Weights 100K × 8 bits = 800 kbit total. Most of it is “redundant”: from an information-bottleneck perspective, pruning + quantization can compress far further.

12. Fourier (optional):

If we used a CNN: convolution layers. Large filters could use FFT-based acceleration. For MNIST, small 3×3 filters suffice, direct MVM.

Experiment: Inference on One MNIST Image

Test image “7” (784 pixels, normalized):

Layer 1 (784 → 128):

Input vector $\mathbf{x}$ : 784 values in [-1, 1].
Weight matrix $\mathbf{W}_1$ : 128×784 → 100K values. SIDRA crossbar: 4× (256×256) partial. 784 = 256 × 3 + 16 → 3 or 4 crossbars. Simplification: use 128 × 768 (crop 16 pixels) → 3 crossbars.
MVM result $\mathbf{z}_1 \in \mathbb{R}^{128}$ .
ReLU: zero out negatives, keep positives.

Layer 2 (128 → 10):

Input $\mathbf{h}_1 \in \mathbb{R}^{128}$ .
Weights $\mathbf{W}_2 \in \mathbb{R}^{10 \times 128}$ : a single 128×128 crossbar is enough (first 10 columns used).
MVM result $\mathbf{z}_2 \in \mathbb{R}^{10}$ .
Softmax (digital): probability per class.
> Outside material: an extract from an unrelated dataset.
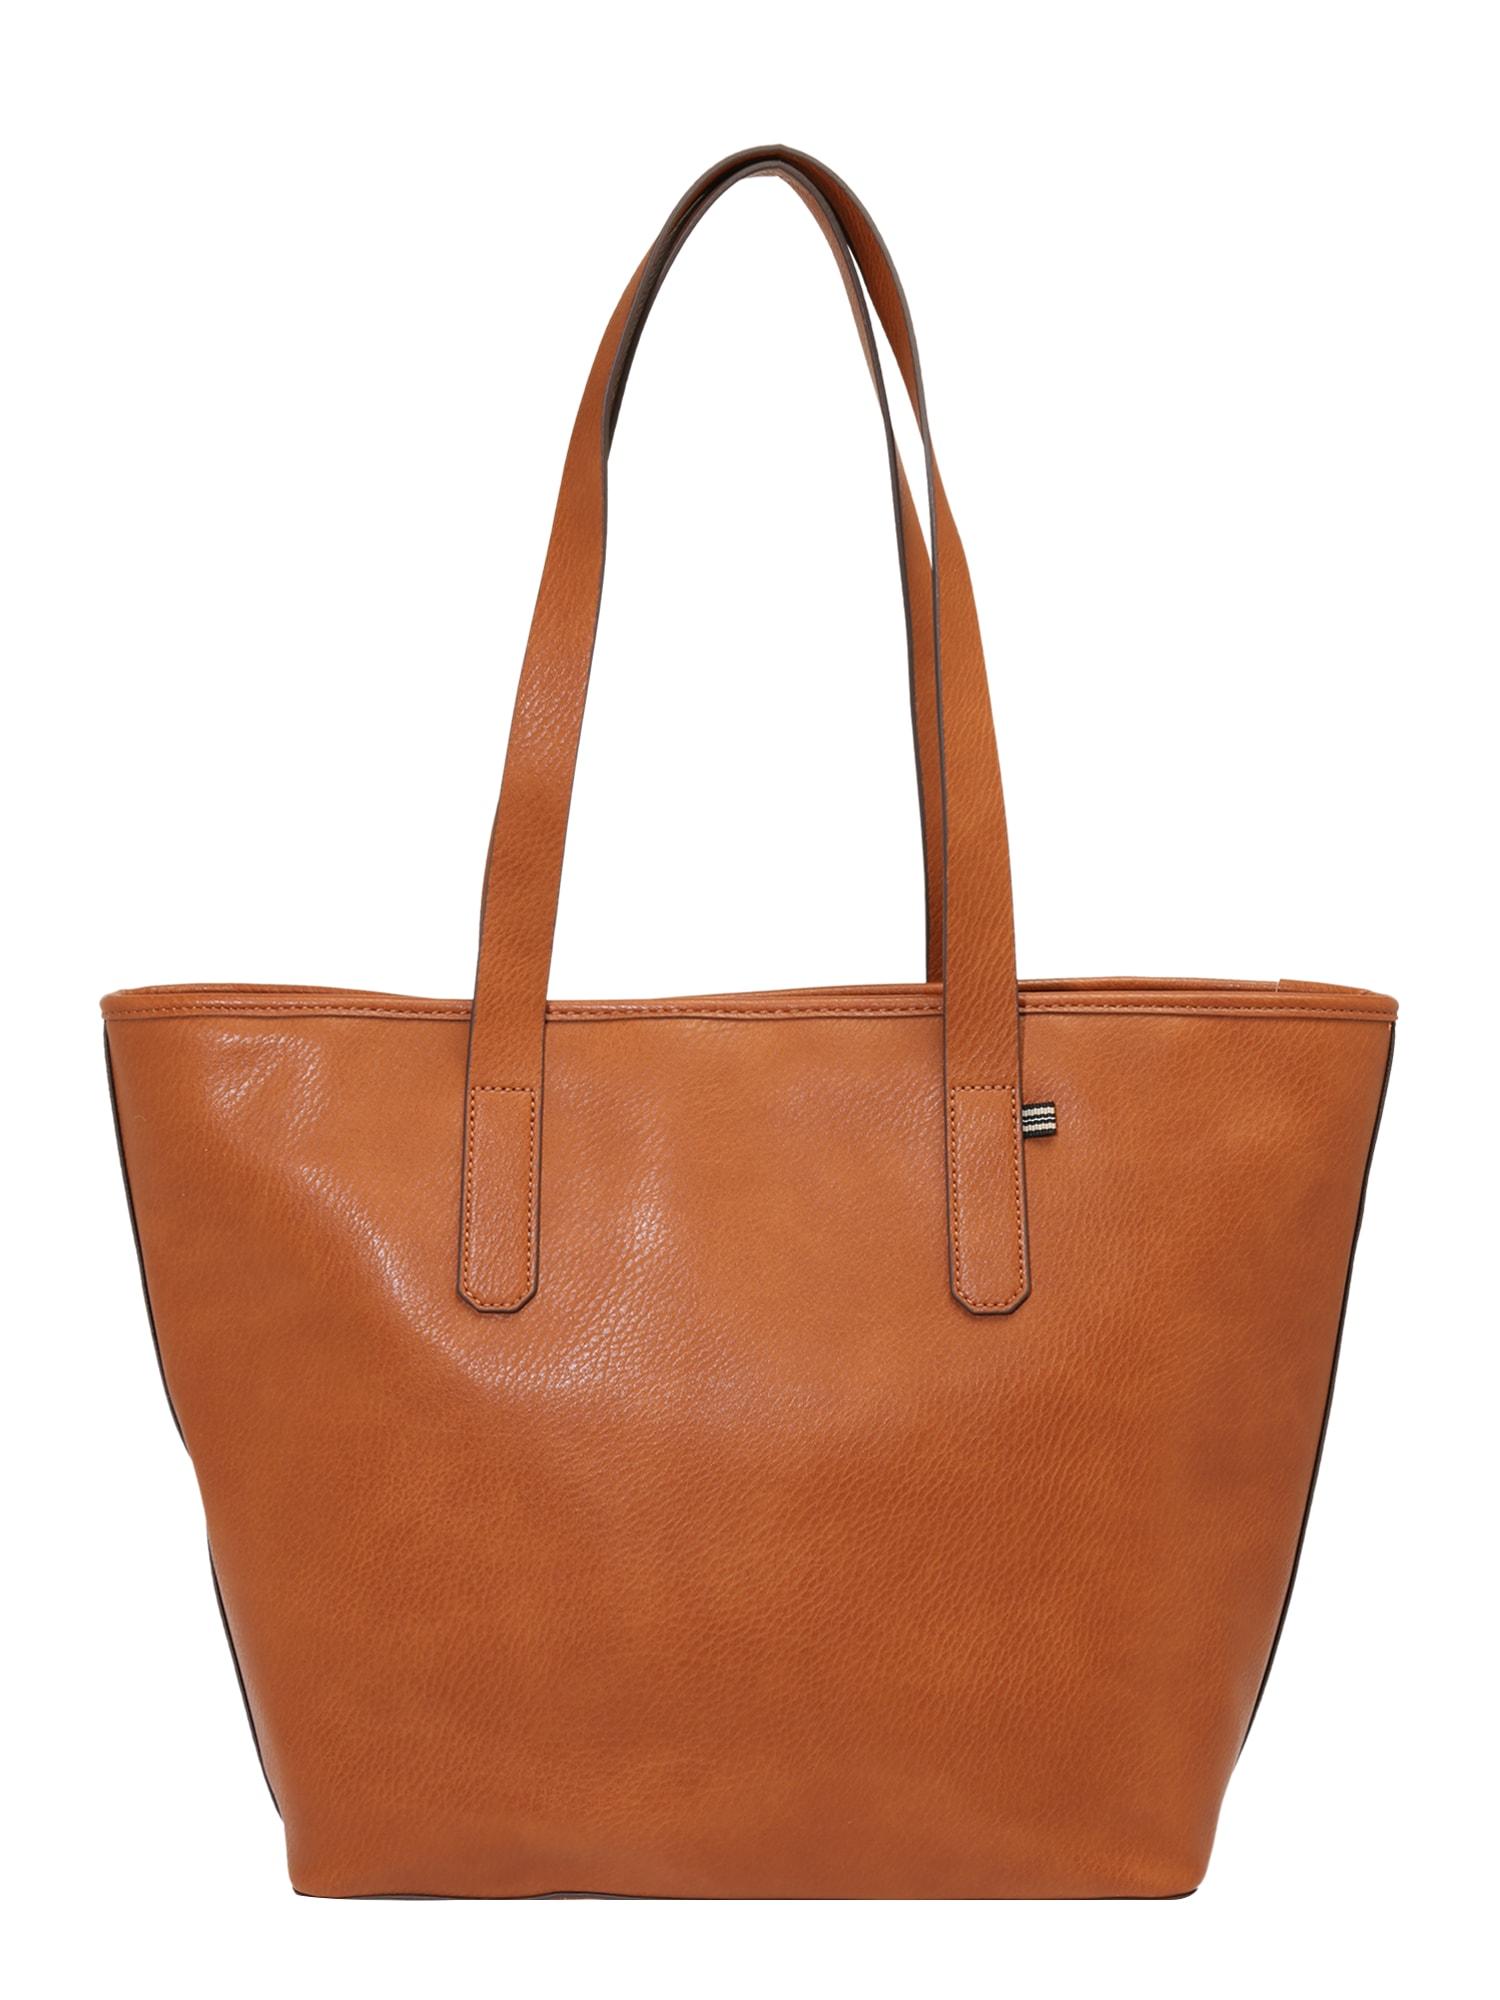 ESPRIT Pirkinių krepšys ruda (konjako)

Output: probability vector, e.g. $(0.01, 0.02, 0.01, 0.01, 0.02, 0.01, 0.01, 0.85, 0.03, 0.03)$ .

Argmax: index 7 → class “7”. Correct!

Latency:

Layer 1 (3 MVMs in parallel): 10 ns + ADC 5 ns = 15 ns.
Layer 2 (1 MVM): 15 ns.
CMOS activation + softmax: ~20 ns.
Total: ~50 ns/inference. Theoretical 20M inferences/s.

Energy:

4 MVMs × 460 pJ = ~2 nJ.
SIDRA Y1 3 W × 50 ns = 150 nJ, but with low activity → real ~2-10 nJ.

Accuracy:

FP32 model: 98%.
SIDRA INT8 + noise: 97.5-97.8%.
On a single “7” image: correct classification probability > 99%.

Comprehensive Quiz

Tests all seven chapters of Module 4. Each question combines 2-3 concepts.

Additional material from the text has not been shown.